- WHAT YOU WILL DO: Each line from the one containing "Metal Sehpa ( 49 X 51 Cm )" to the last line of the listing below is to be duplicated exactly, and no picture is to be carried over.

- GIVEN DATA:
^^^^

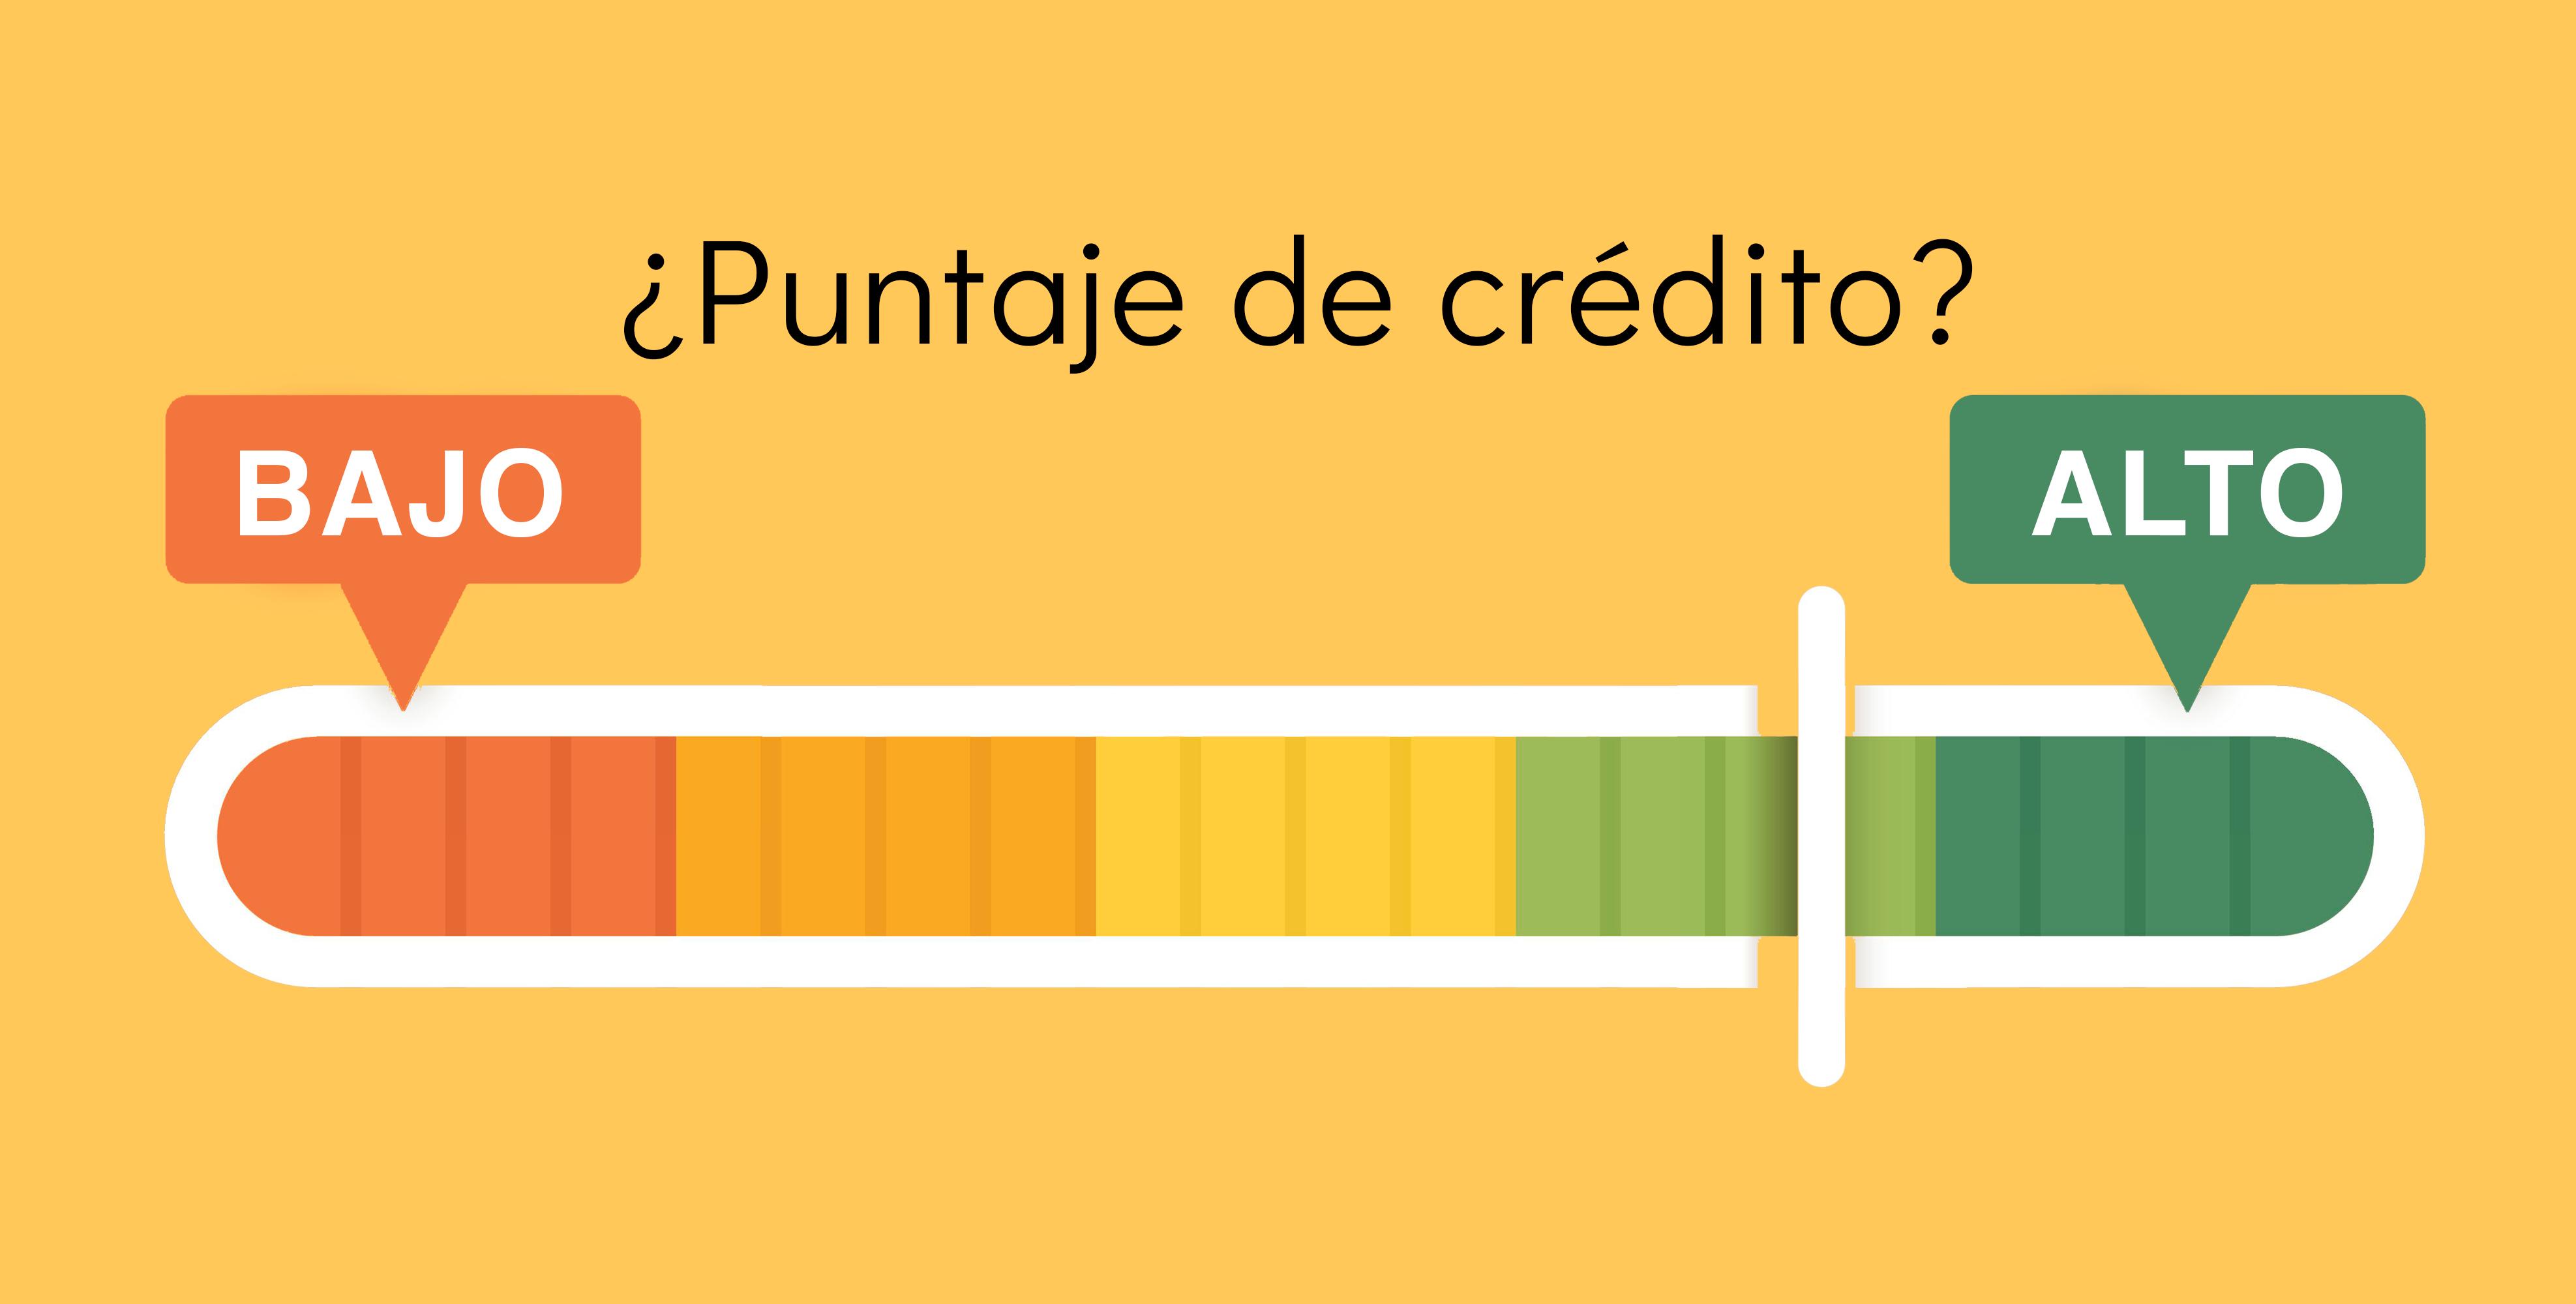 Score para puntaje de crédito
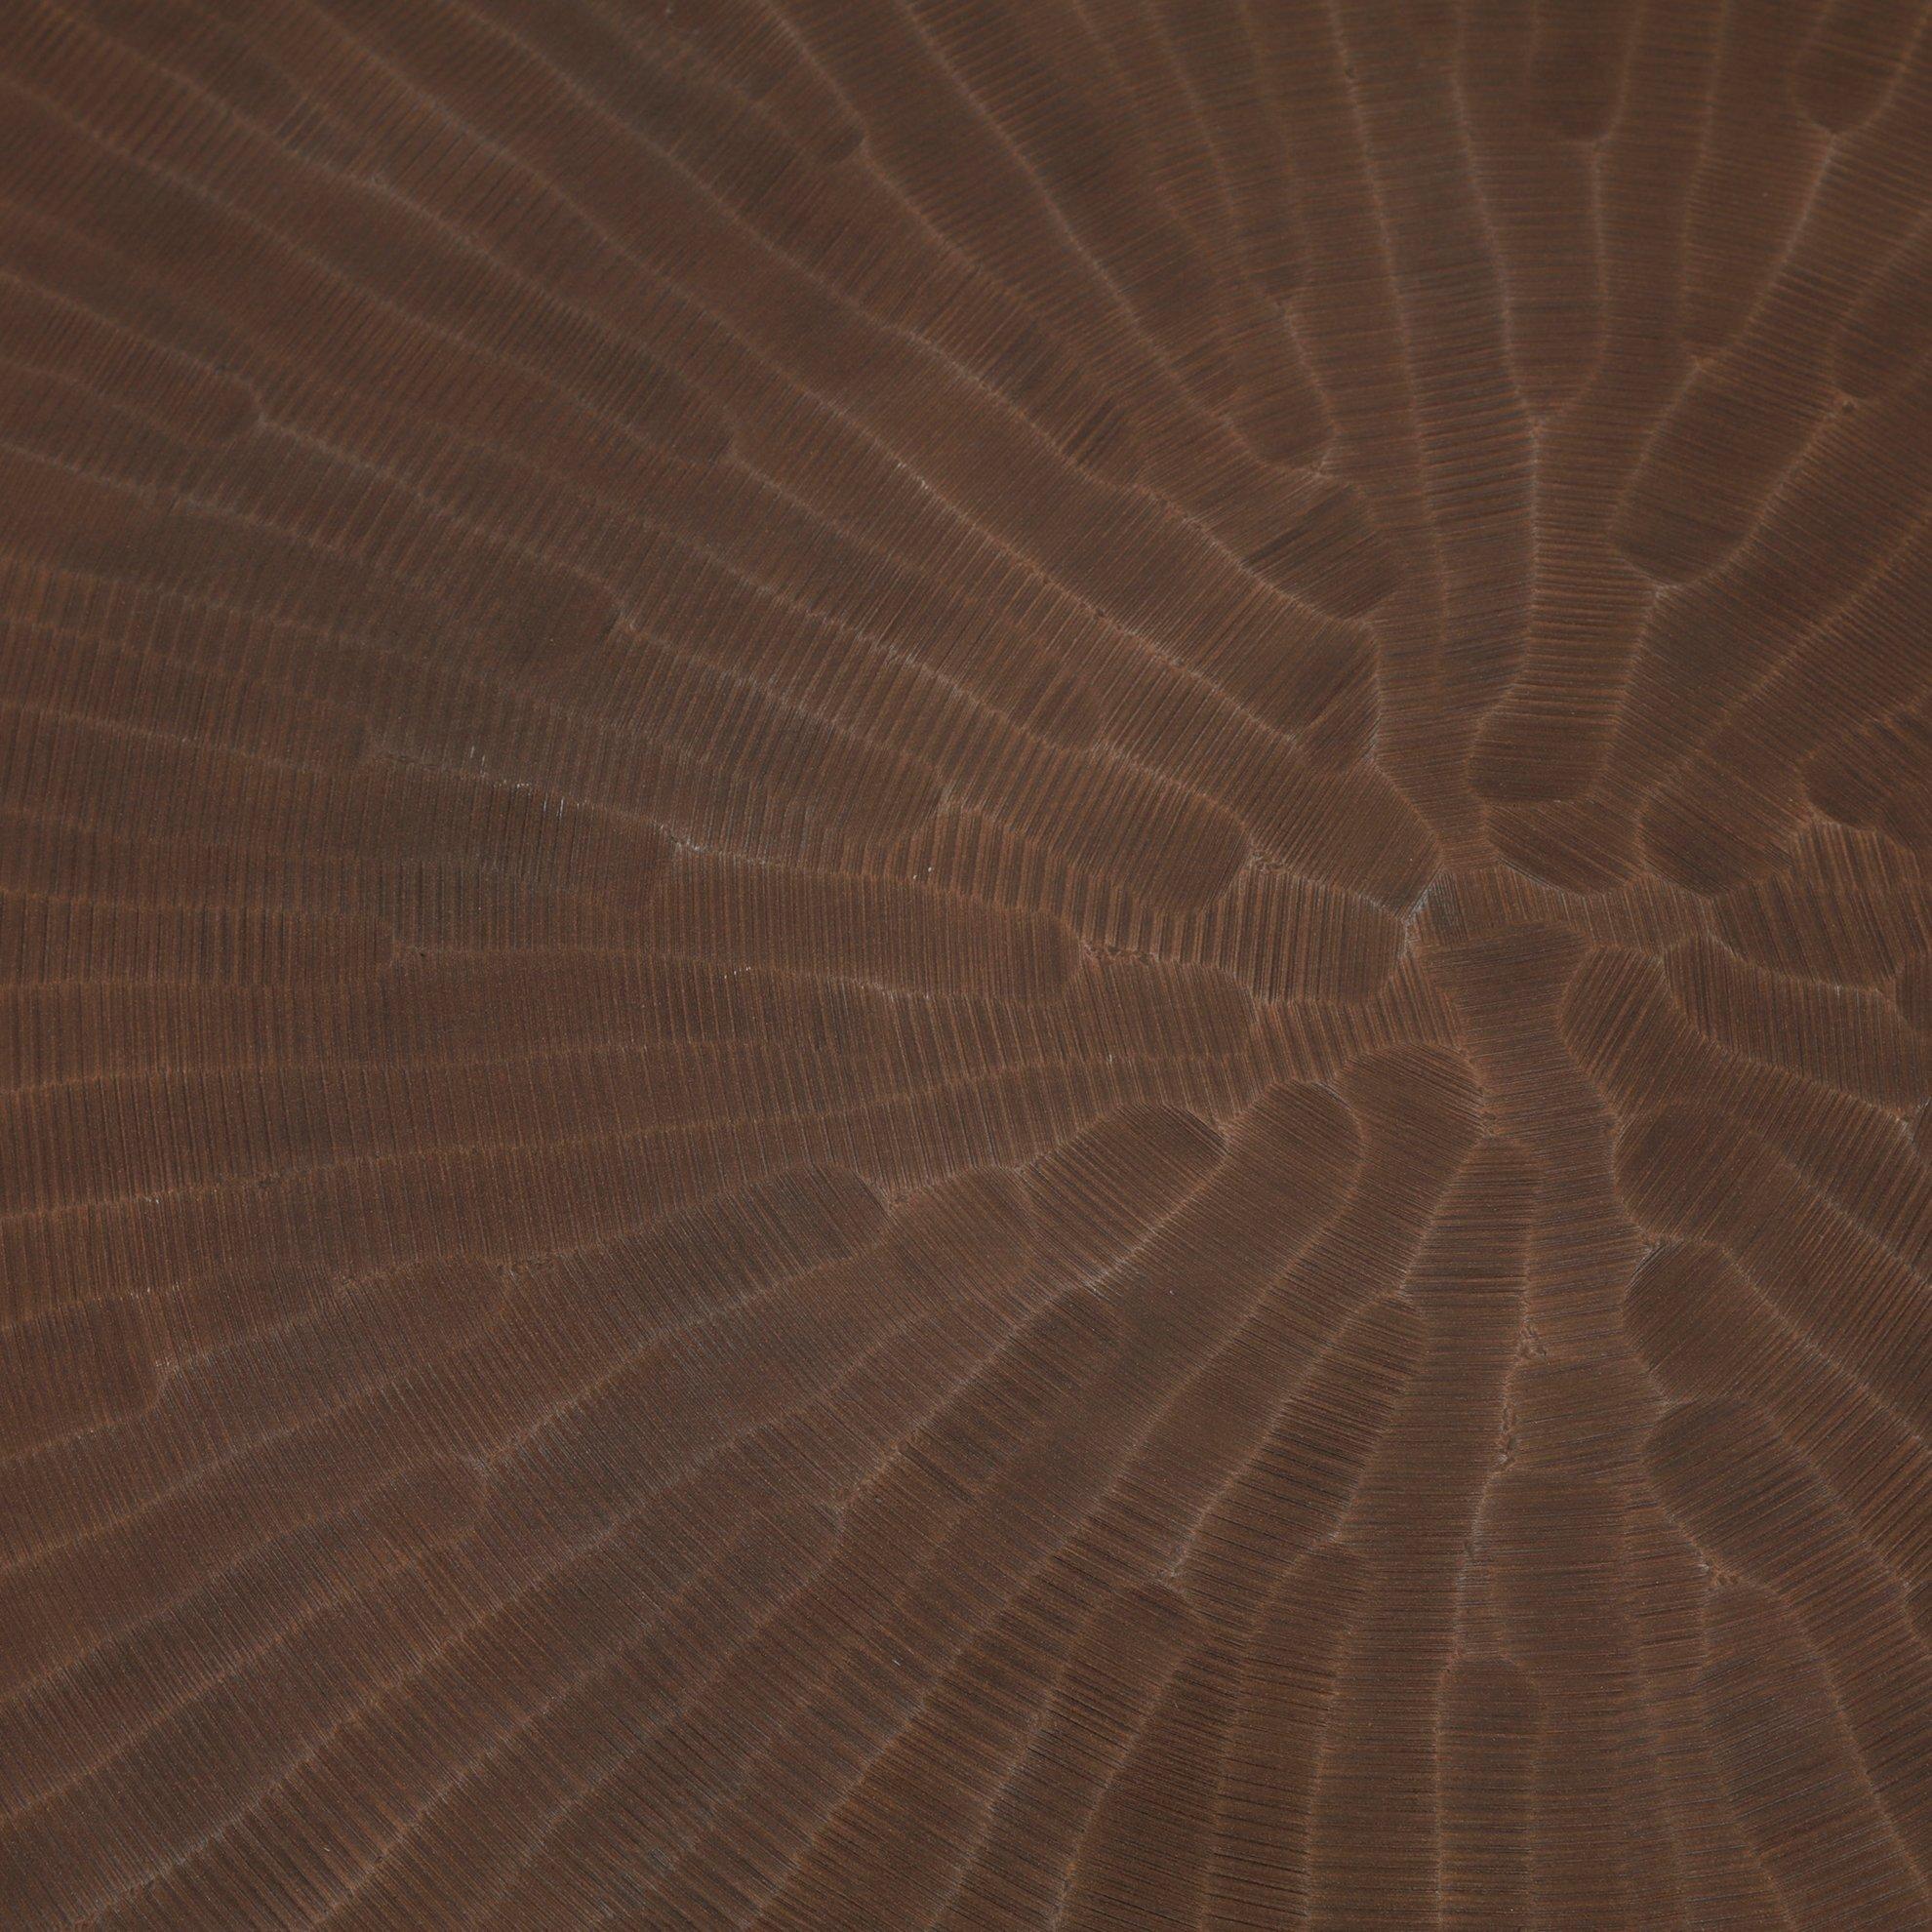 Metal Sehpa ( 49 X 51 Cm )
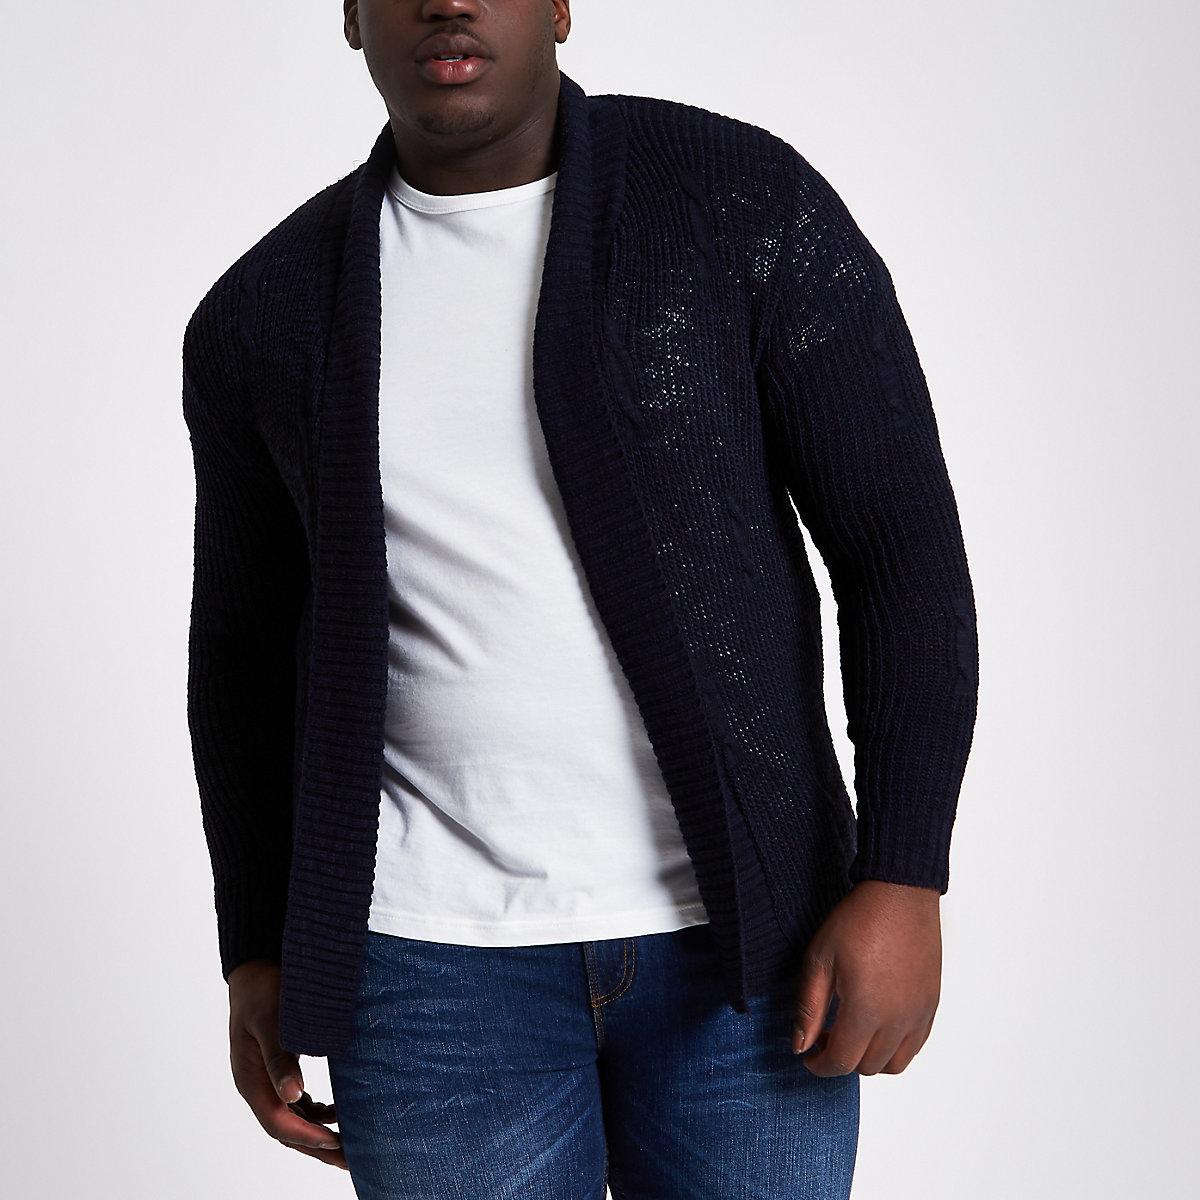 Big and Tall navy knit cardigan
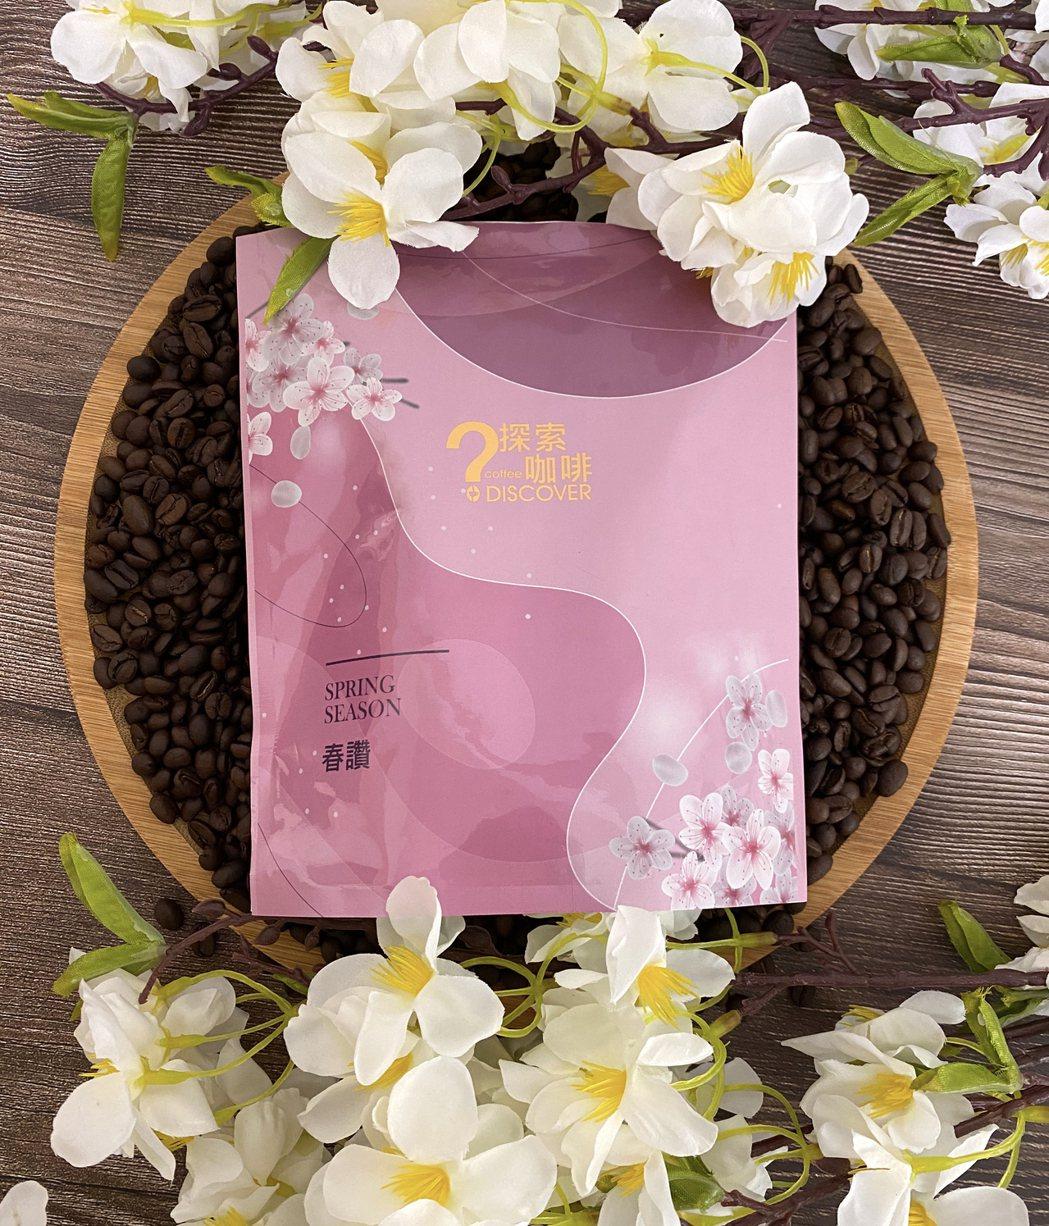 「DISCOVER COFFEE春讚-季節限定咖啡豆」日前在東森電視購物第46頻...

^^^^

- WRITTEN ANSWER:
 Metal Sehpa ( 49 X 51 Cm )
 Big and Tall navy knit cardigan
 「DISCOVER COFFEE春讚-季節限定咖啡豆」日前在東森電視購物第46頻...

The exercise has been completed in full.